[ENBD] Re: NBD Observations
Peter T. Breuer
ptb@it.uc3m.es
Sat, 9 Sep 2000 18:15:47 +0200 (MET DST)
"A month of sundays ago Paul Flinders wrote:"
> "Peter T. Breuer" wrote:
> > > command lines were
> > > server: nbd-server 4017 /dev/hda3 -b 2048 -i nbd
> > > client: nbd-client -i nbd rat-1 4017 rat-1 /dev/nda
> > And kernel state? Was the nbd.o module freshly inserted?
> Hmmm, no - I think that it probably wasn't
> > > I guess that the signature might be something to do with it - have I
> > > got the command lines correct?
> > I suspect that the kernel had a mosule in with a signature already on
> > it, possibly different. Sending the same signature should be OK.
> I suspect that you guess is correct.
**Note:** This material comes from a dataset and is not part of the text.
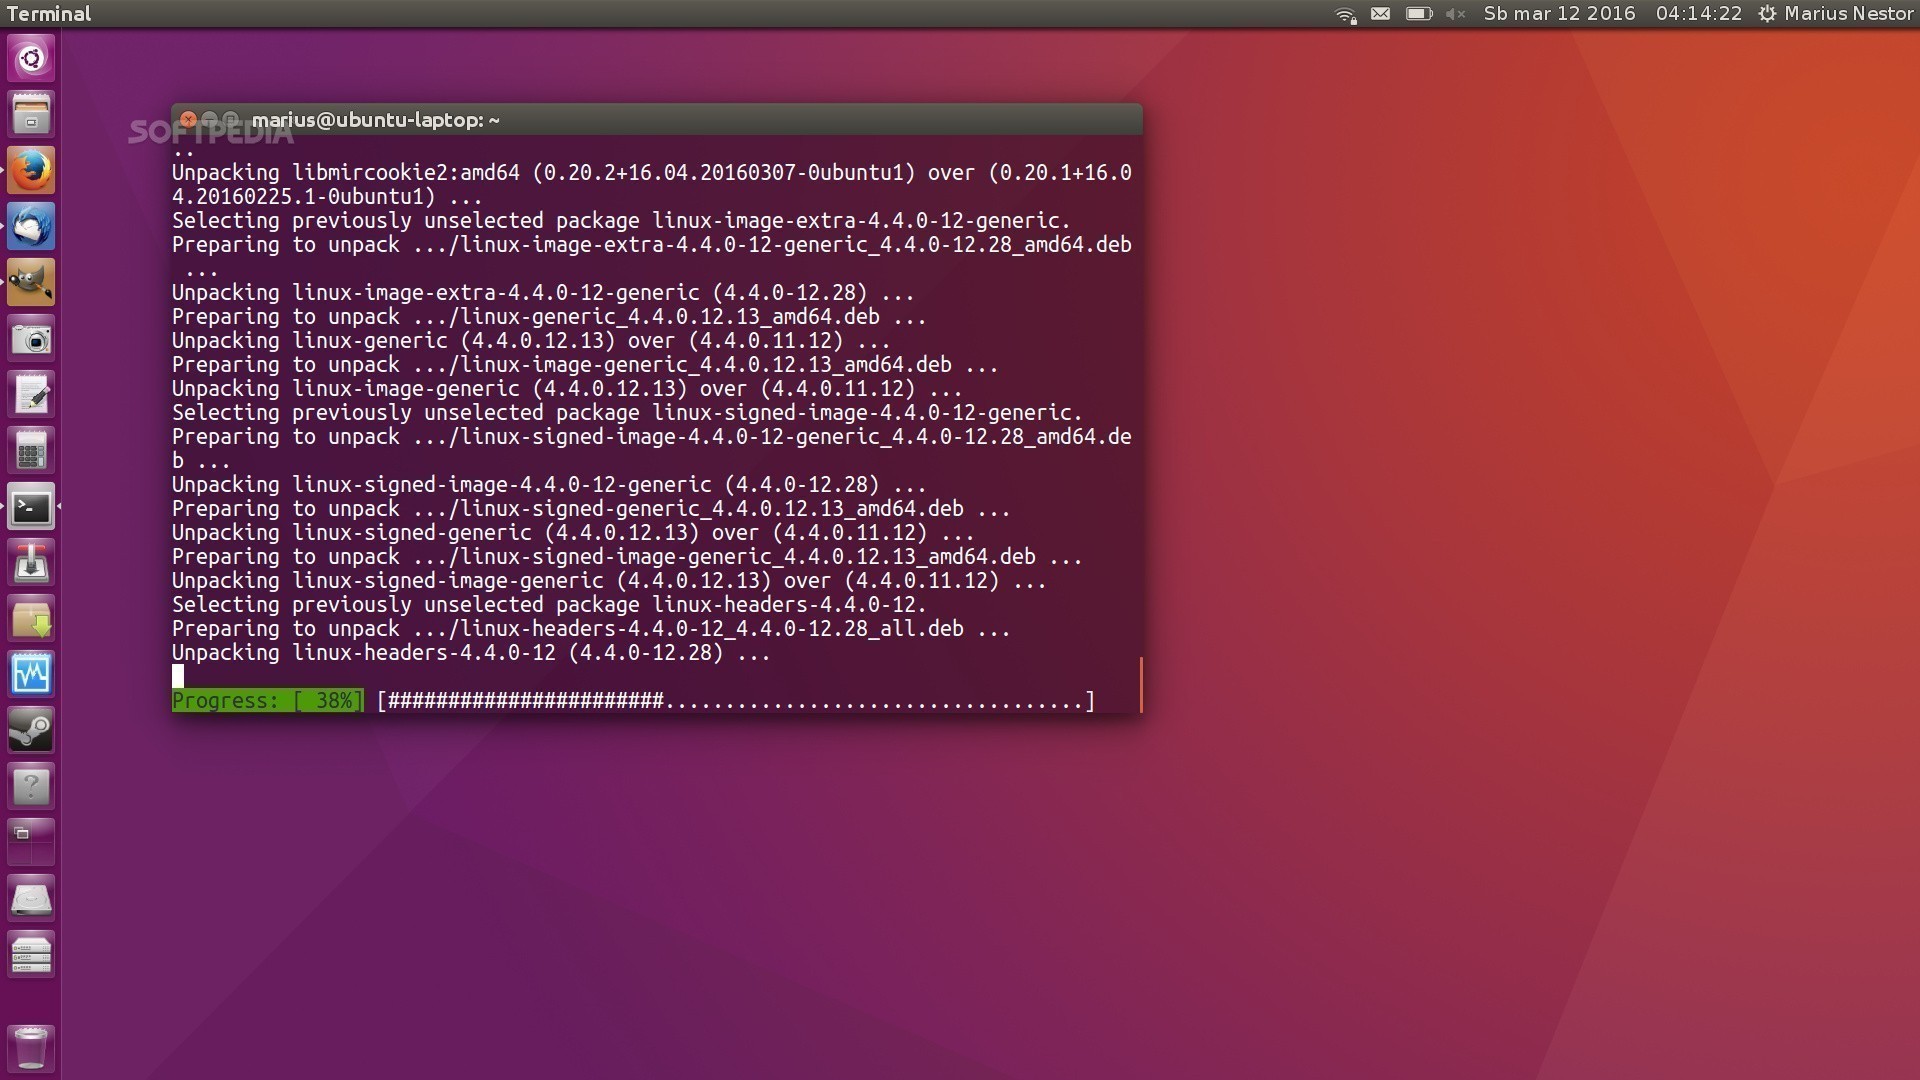 broadcom 43142 driver linux ubuntu 16.04

This does lead to another "it's all
> too easy to get it wrong" scenarion though.
In this case the result is intended. You should not be able to connect
up a different resource to the same client device without making a
considerable effort! It's the same as hotswapping one disk for another
(different geometry maybe, different contents) without telling anybody.
I'll have to do the same thing in reverse too, pretty soon. The server
should not accept reconnects that don't give the device signature. It
probably accepts any client on the right port right now.
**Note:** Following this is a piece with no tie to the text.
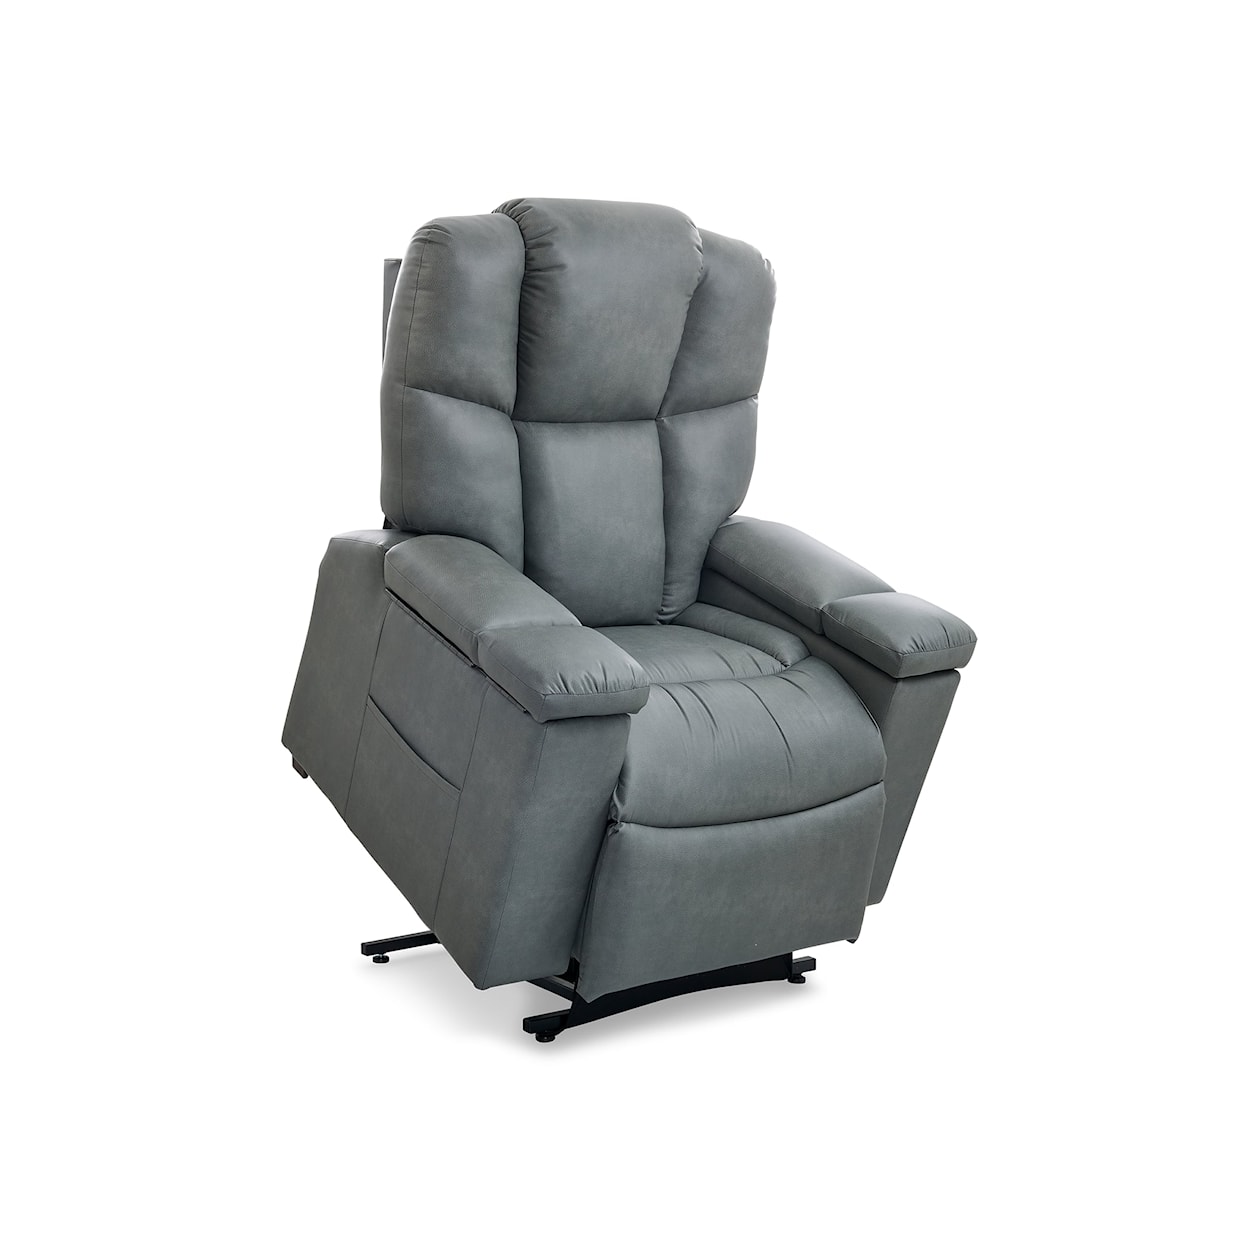 UltraComfort Rigel Lift Chair with Power Headrest & Lumbar

I've been following up looking at the client-first then server launch
ordering. Though my pair connected up fine, some funny business was
clearly going on. All requests errored out as overrange and the sizes
shown in the proc listing were the default maxposint stuff.
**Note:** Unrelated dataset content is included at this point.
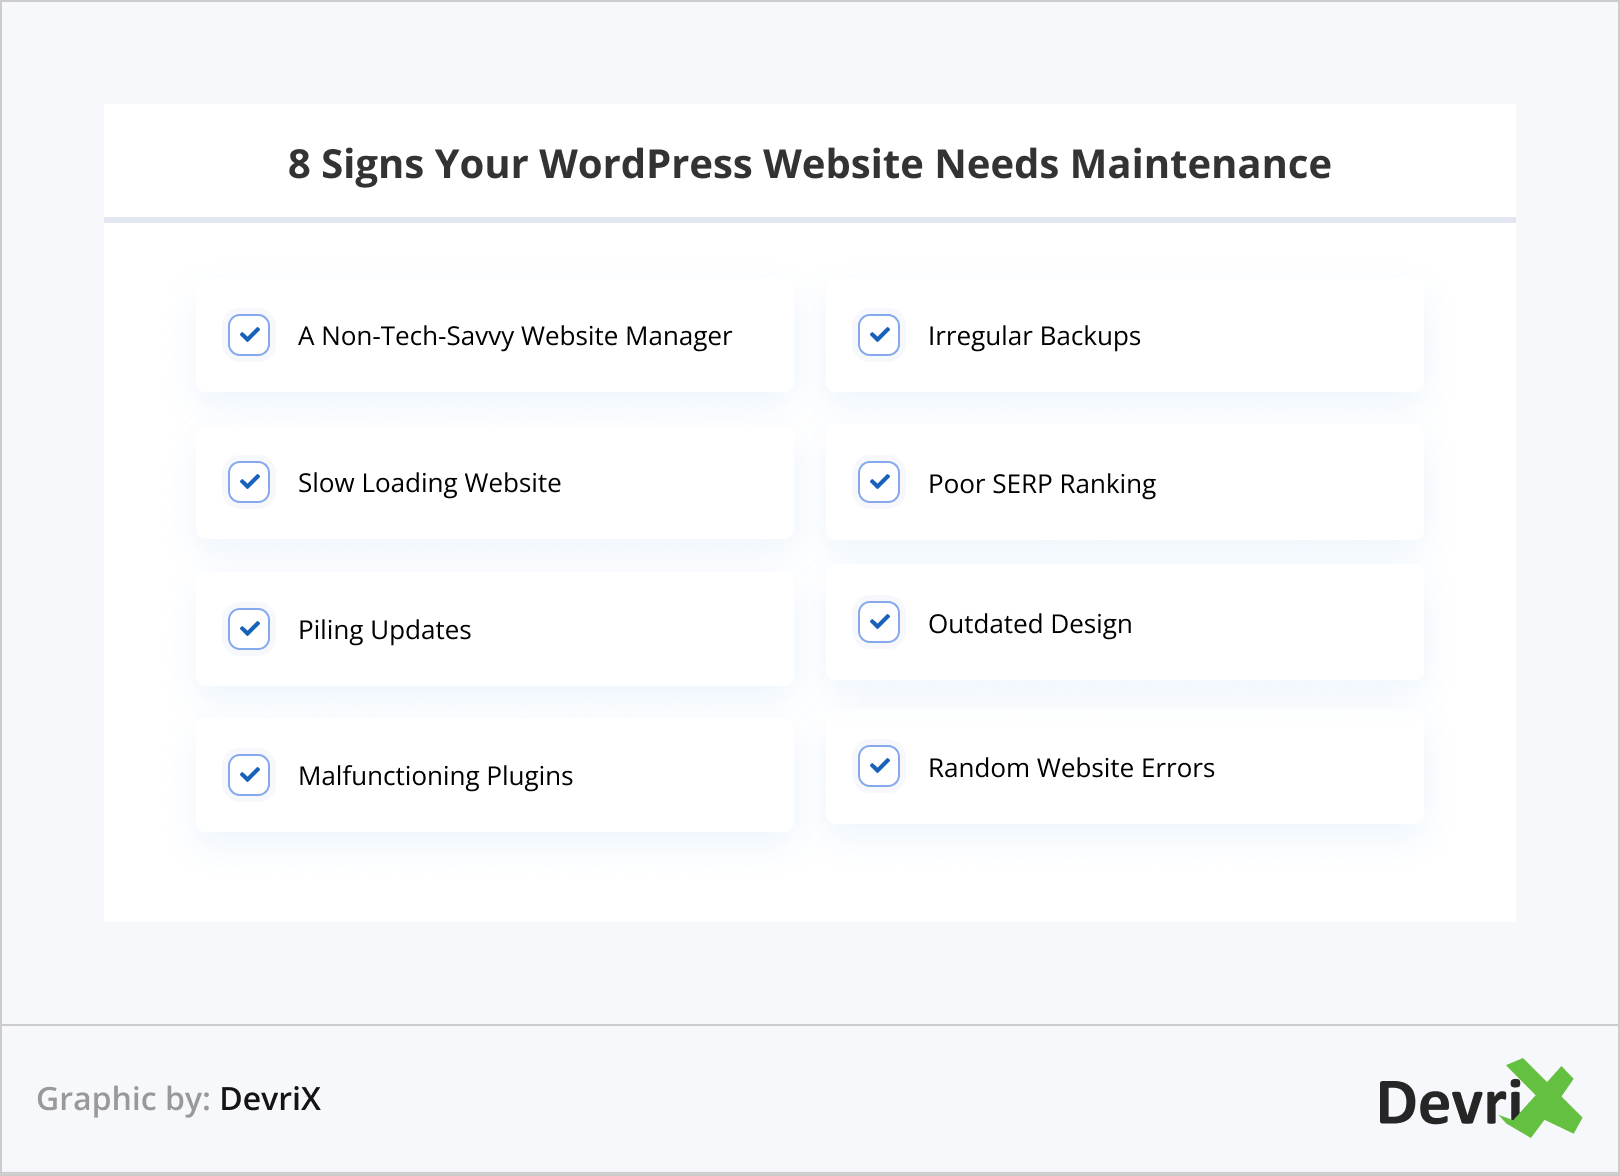 Signs Your WordPress Website Needs Maintenance

This is probably where your suspicion about the sig comes from: watching
the negotiation, it was clear that the client got a SIZE where it was
expecting a SIGN. For backwards compatibility it accepts data without a
preceding command when pushed, and it accepted it. Making the code
stricter simply errored out the introductory negotiation every time.
It wasn't the server getting it wrong. I'd forgotten to loop the
introduction stuff in the client when it failed. The introduction to
the server failed, and the client went on to launch slave clients as
though nothing had happened, because I'd also forgotton to watch the
error return.
So, in your 2.4.X nbd-client.c main() code, replace the plain call to
introduction(self), with
while (1) {
static int count;
err = introduction(self);
if (err >= 0)
break;
if (10 * count++ > 2 * negotiate_timeout) {
PERR("client (%d) manager gave up on intro after %d tries and %ds\n",
self->i, count, count*10);
exit(1);
}
microsleep(10000000);
}
and you will have a lot more success starting out of order.
Sorry, it was a bug, but it is the development code. I'd simply
forgotten to implement that functionality.
I've changed it in my 2.4.12 code. If I've not told you, you
can see the whole codebase at http://www.it.uc3m.es/~ptb/nbd/src/
without waiting for a tarfile of anything in particular.
Peter